Novel Partnerships Help National Parks Address Maintenance Backlog

Leasing historic sites funds needed repairs and visitors benefit

Novel Partnerships Help National Parks Address Maintenance Backlog
This 19th-century barn, a historic National Park Service structure, was converted into a Montessori school.
Montessori Children’s House of Valley Forge

Members of a congressional committee plan to travel to Hot Springs National Park in Arkansas on Sept. 17 to examine firsthand how the practice of historic leasing can improve the visitor experience at national parks and address deferred maintenance.

With the National Park Service (NPS) facing a maintenance backlog estimated at $11.6 billion, the agency must look to a variety of solutions to tackle repairs. In some cases, companies and organizations have leased NPS buildings and property, agreeing to restore aspects of those assets. Historic leasing brings private dollars to preserving NPS buildings that these groups then use as schools, hotels, and, in one case, a brewery.

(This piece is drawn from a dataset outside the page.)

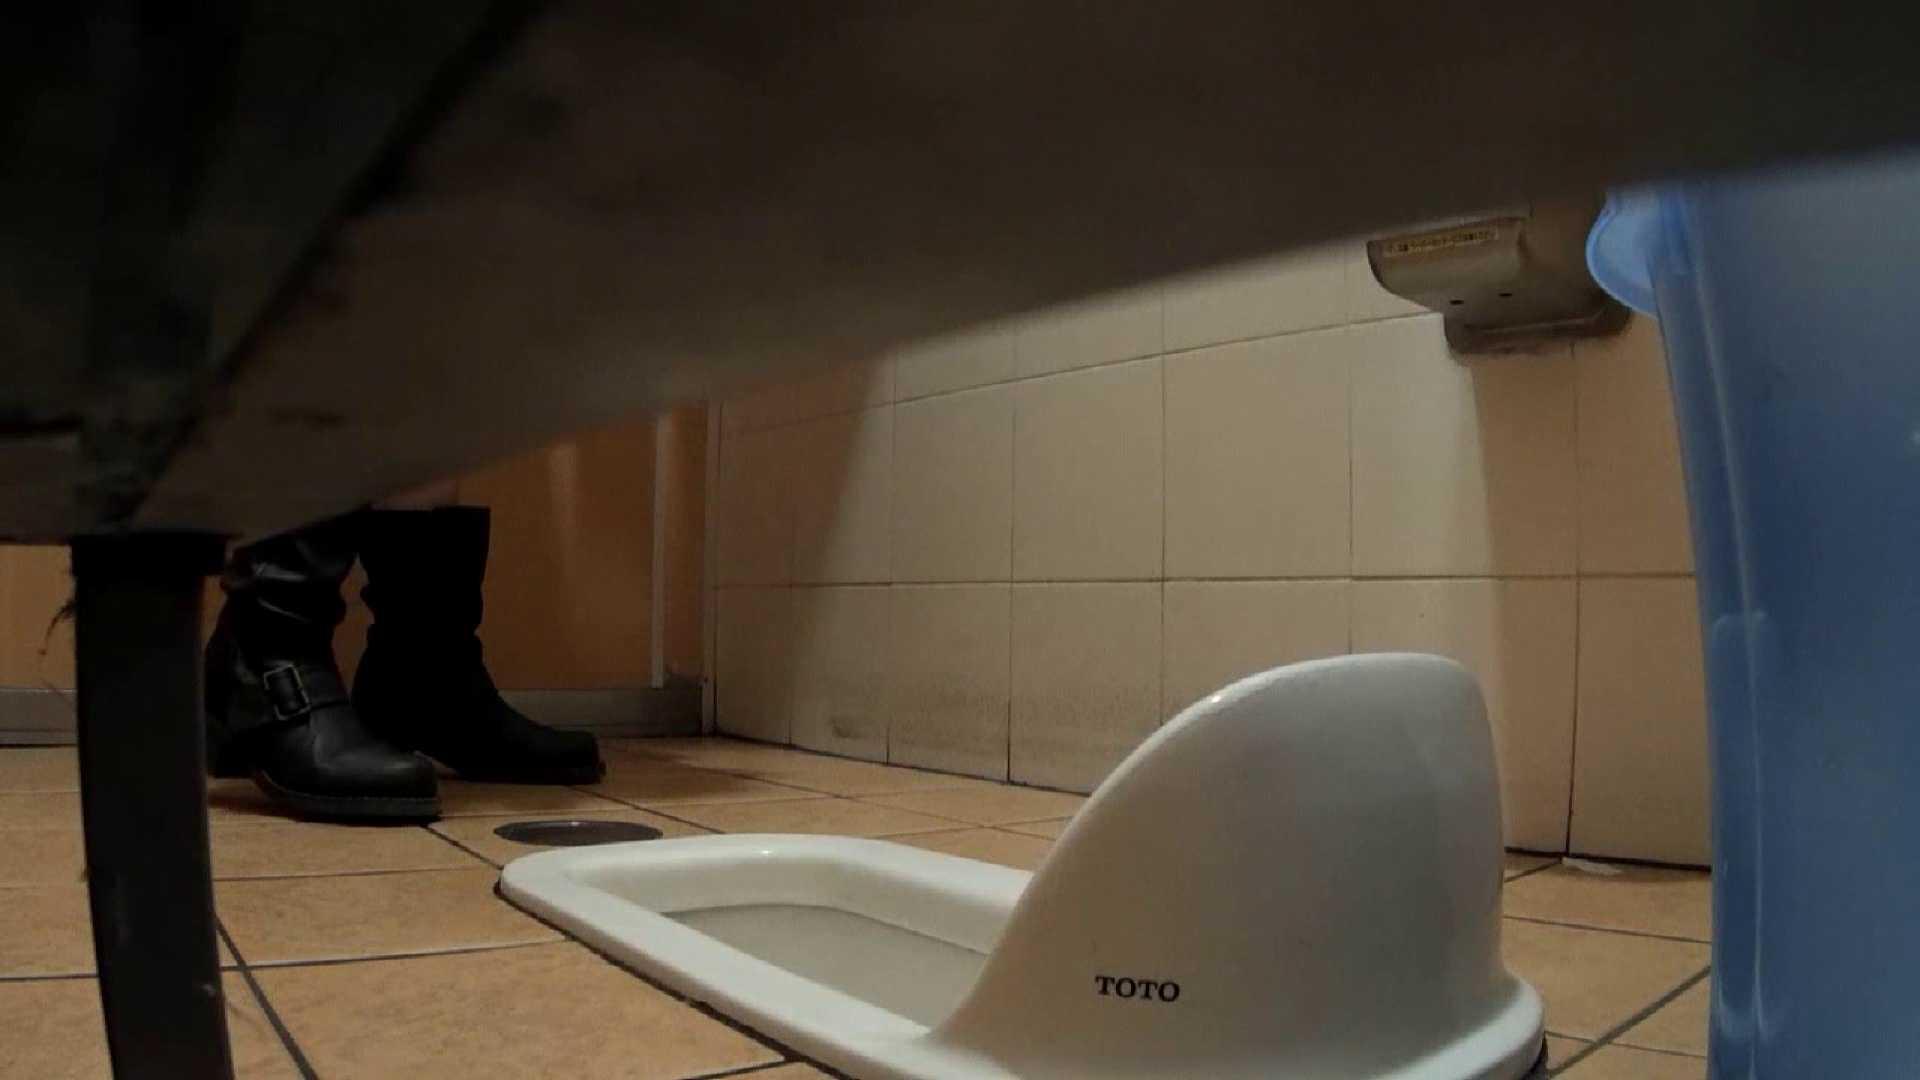 痴態洗面所 Vol.02 マスクが邪魔なんですよ。マスクが・・・。 高画質 オマンコ無修正動画無料 52画像 44

Here are three examples of how repurposing the NPS historic buildings is helping address its maintenance backlog.

The Montessori school, in a converted barn, sits on 3.5 acres in Pennsylvania’s Valley Forge National Historical Park.
Montessori Children’s House of Valley Forge

Pennsylvania park gains funding through a bucolic preschool

The preschoolers at Montessori Children’s House of Valley Forge have an idyllic setting for their classroom—a renovated farmhouse and barn in Pennsylvania’s Valley Forge National Historical Park. In 2005, the school approached NPS about leasing the 3.5 acres. The school covered the property’s overhaul costs in exchange for a long-term lease and opened to students in February 2010. Renovations included remodeling a 19th-century home—it’s now a library and parent meeting room—and transforming a vacant barn with years of deferred maintenance into a six-classroom schoolhouse.

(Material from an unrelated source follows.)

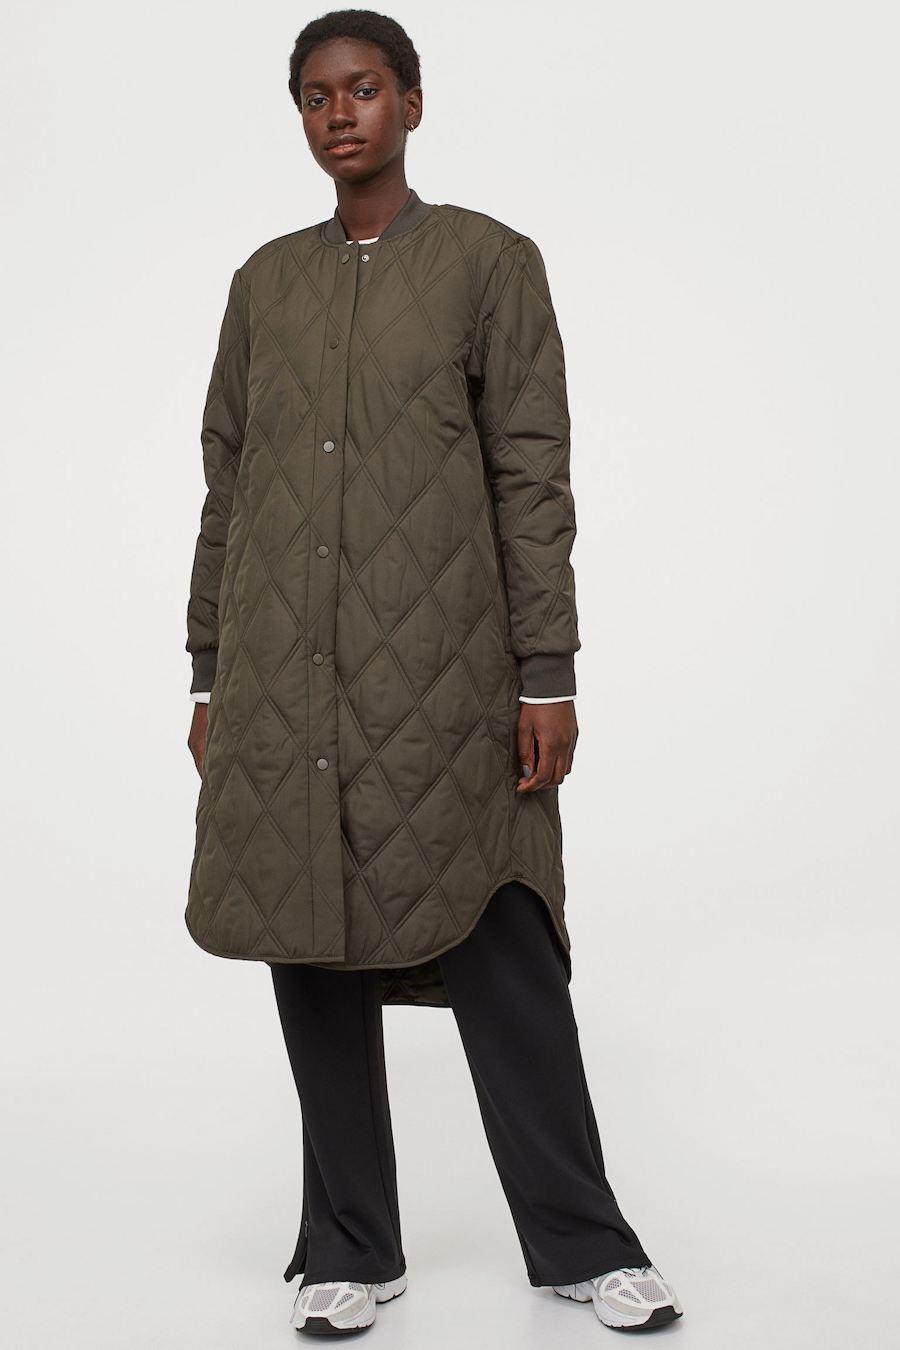 Abrigo outdoor guateado

The Superior Bathhouse Brewery still has some of the iconic features of the original bathhouse.
Superior Bathhouse Brewery

Historic lease turns bathhouse into brewery

Hot Springs, Arkansas, has been a relaxing, popular, and celebrated place to soak and vacation since the 1800s, earning the nickname The American Spa. Hot Springs National Park was established in 1921 and, as it approaches its 100th anniversary, is showing its age, with unfunded repairs that forced NPS to close many of the park’s ornate bathhouses. But historic leasing created an opportunity for an innovative solution: In 2013, Rose Schweikhart entered into a lease to transform one old bathhouse into Superior Bathhouse Brewery, which uses the 144-degree local water in its libations—the only brewery in the world to craft beer using hot springs. Superior is the first of its kind in a U.S. national park and is providing something more valuable than beer: revenue for the local community.

The leasing arrangement preserved the historic building, which had been vacant for 30 years, and addressed deferred maintenance in the process.

The former Del Monte cannery and warehouse is now a 252-room hotel that overlooks the Golden Gate Bridge.
Pebblebrook Hotel Trust

Partnership transforms warehouse into a boutique hotel

The Argonaut Hotel fronts the bay at the San Francisco Maritime National Historical Park in the Golden Gate City. A historic lease led to a 100-year-old warehouse being converted into the hotel. Seated on the waterfront between Fisherman’s Wharf and Ghirardelli Chocolate Co., it was once the Del Monte Cannery—the world’s largest fruit and vegetable factory at the time—and more recently was used by NPS to store nautical gear.

As part of the deal with NPS, the hotel owners addressed the deferred maintenance issues. The Argonaut opened in August 2003 and houses the park’s visitor center and a museum.

More than 47 percent of the assets on NPS’ deferred maintenance list are historic, according to 2017 data from the agency. Historic leasing, tailored to individual sites, can be an essential tool to help NPS respond to its maintenance backlog.

Marcia Argust directs The Pew Charitable Trusts’ campaign to restore America’s parks.